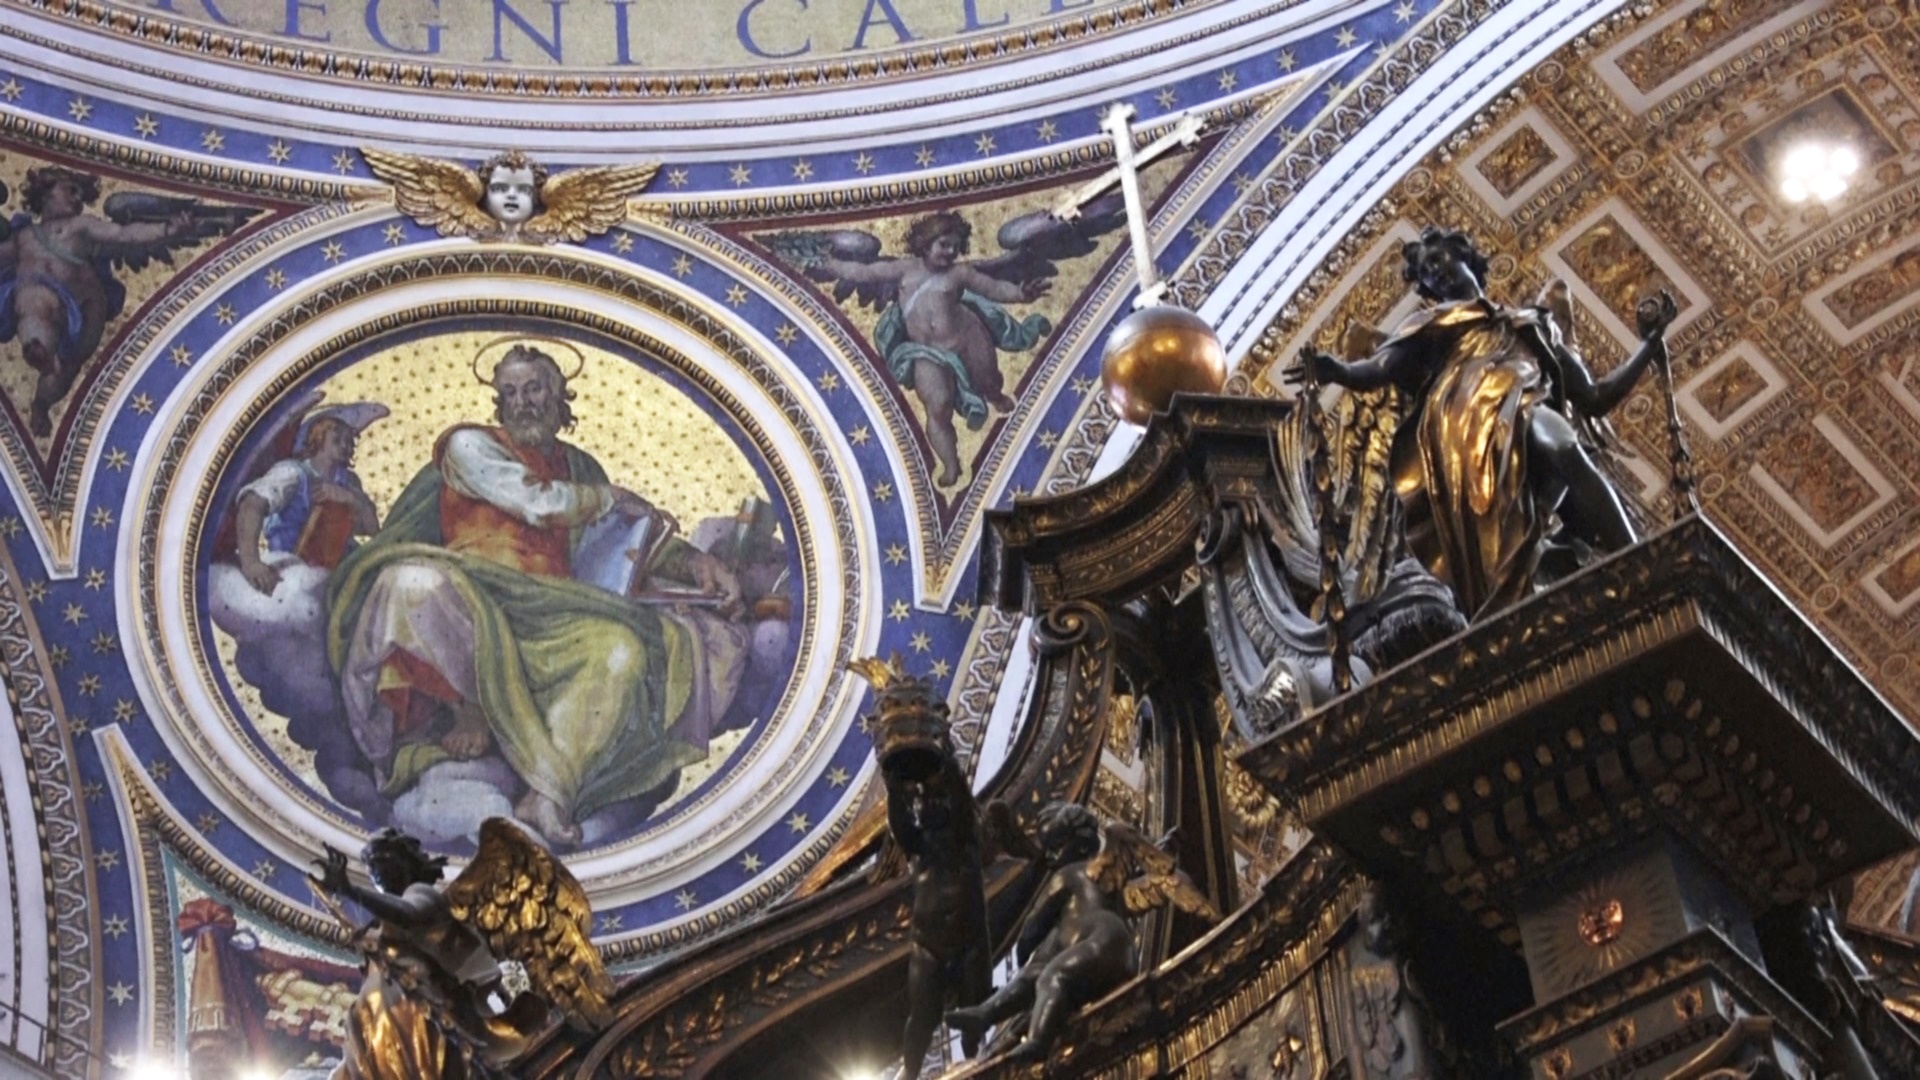 В Ватикане реставрируют центральный элемент собора Святого Петра
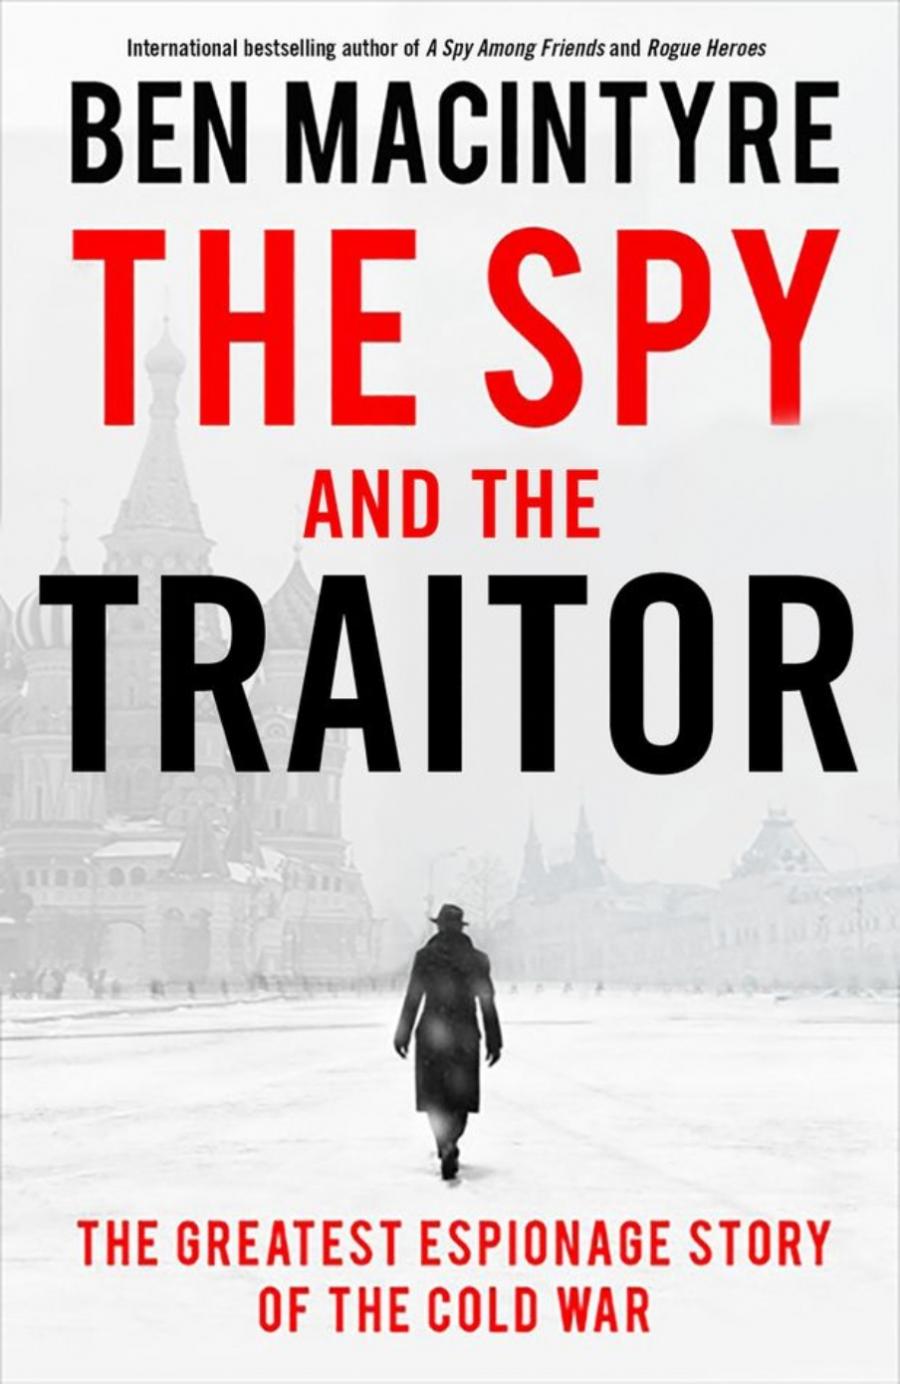 bogforside med titlen The spy and the traitor, billede af den rødeplads og en mand i trenchcoat
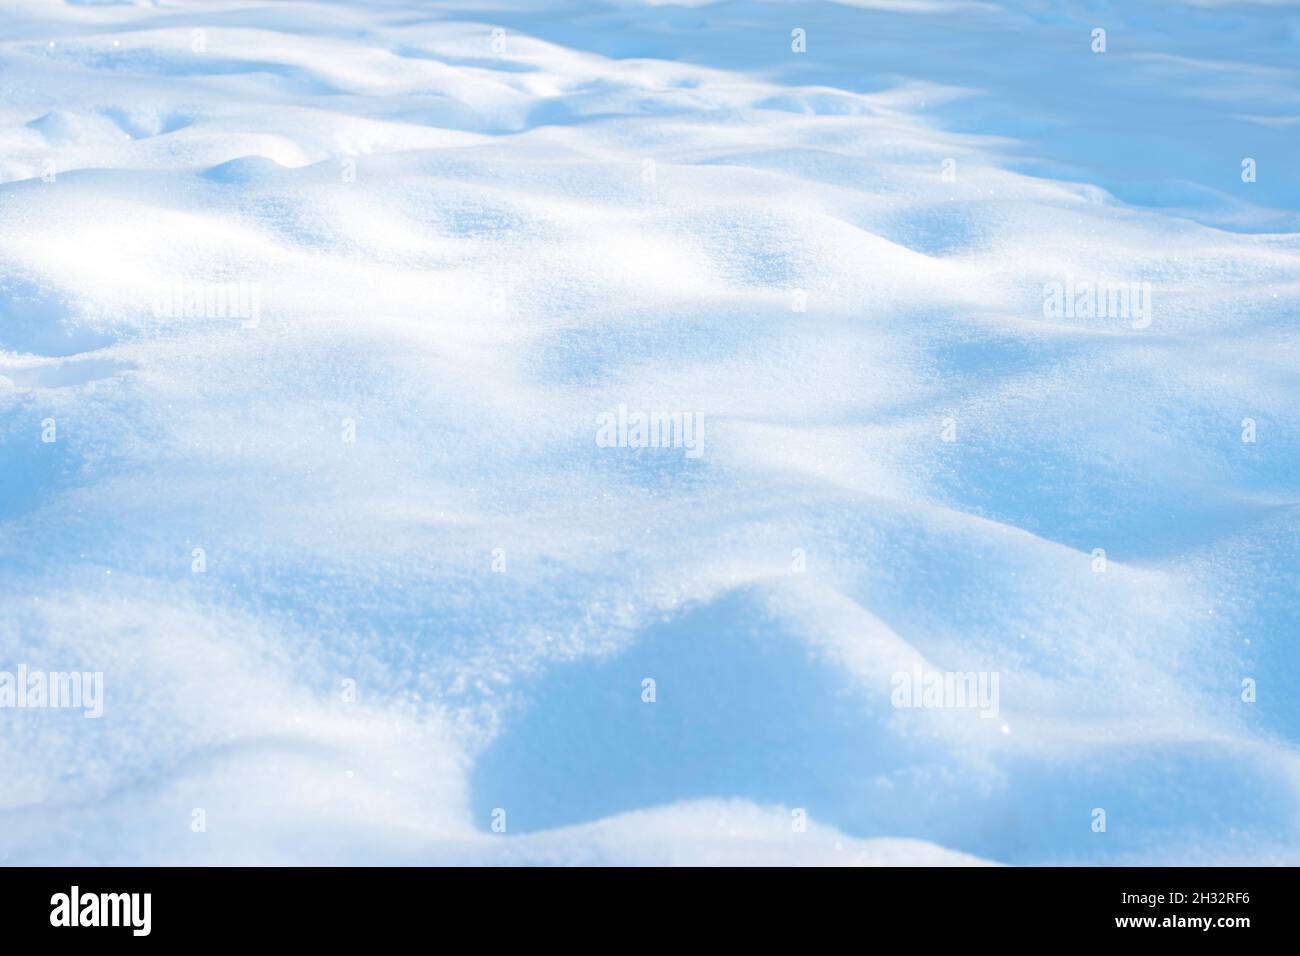 Sonniger Winter weißer Schnee Hintergrund mit blauen Schattierungen von Drifts Stockfoto
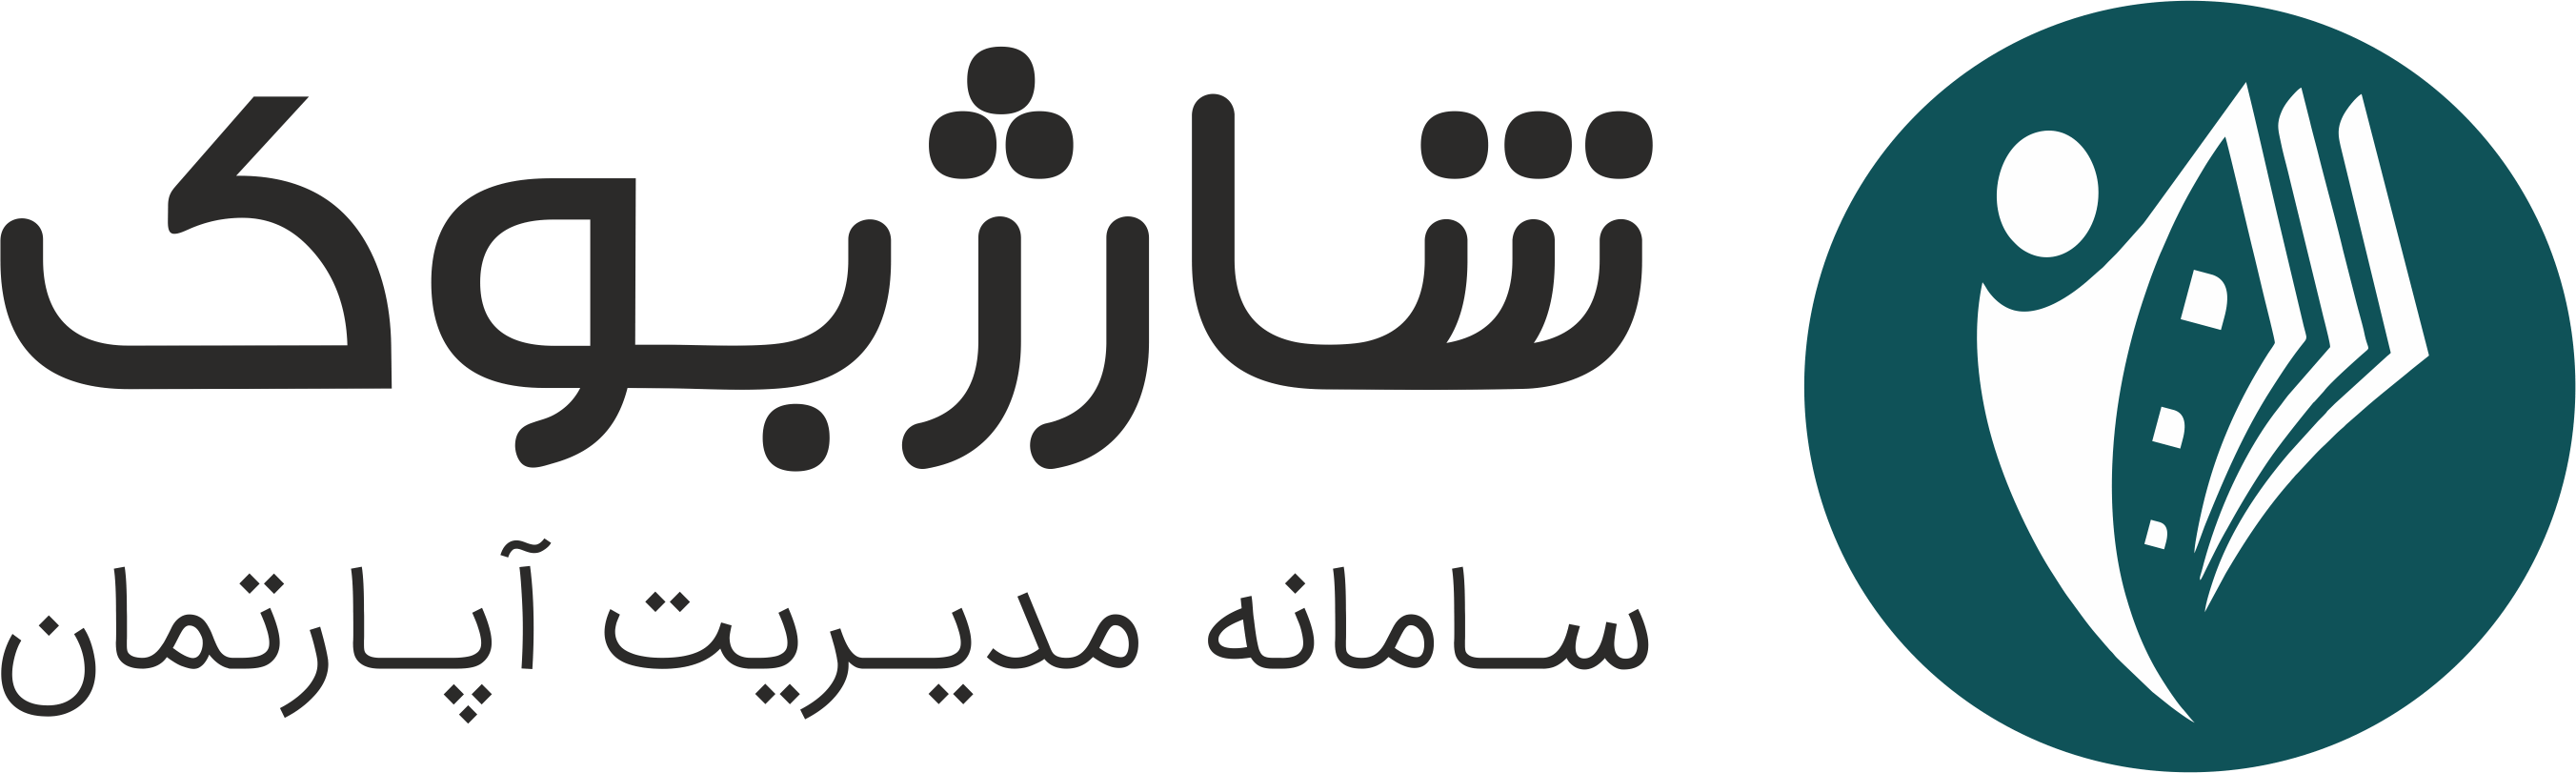 SharjBook Logo

**WORK ITEM:**
Repeat the data word for word. Skip the pictures.

**YOUR SOLUTION:**
 В Ватикане реставрируют центральный элемент собора Святого Петра
 bogforside med titlen The spy and the traitor, billede af den rødeplads og en mand i trenchcoat
 Sonniger Winter weißer Schnee Hintergrund mit blauen Schattierungen von Drifts Stockfoto
 SharjBook Logo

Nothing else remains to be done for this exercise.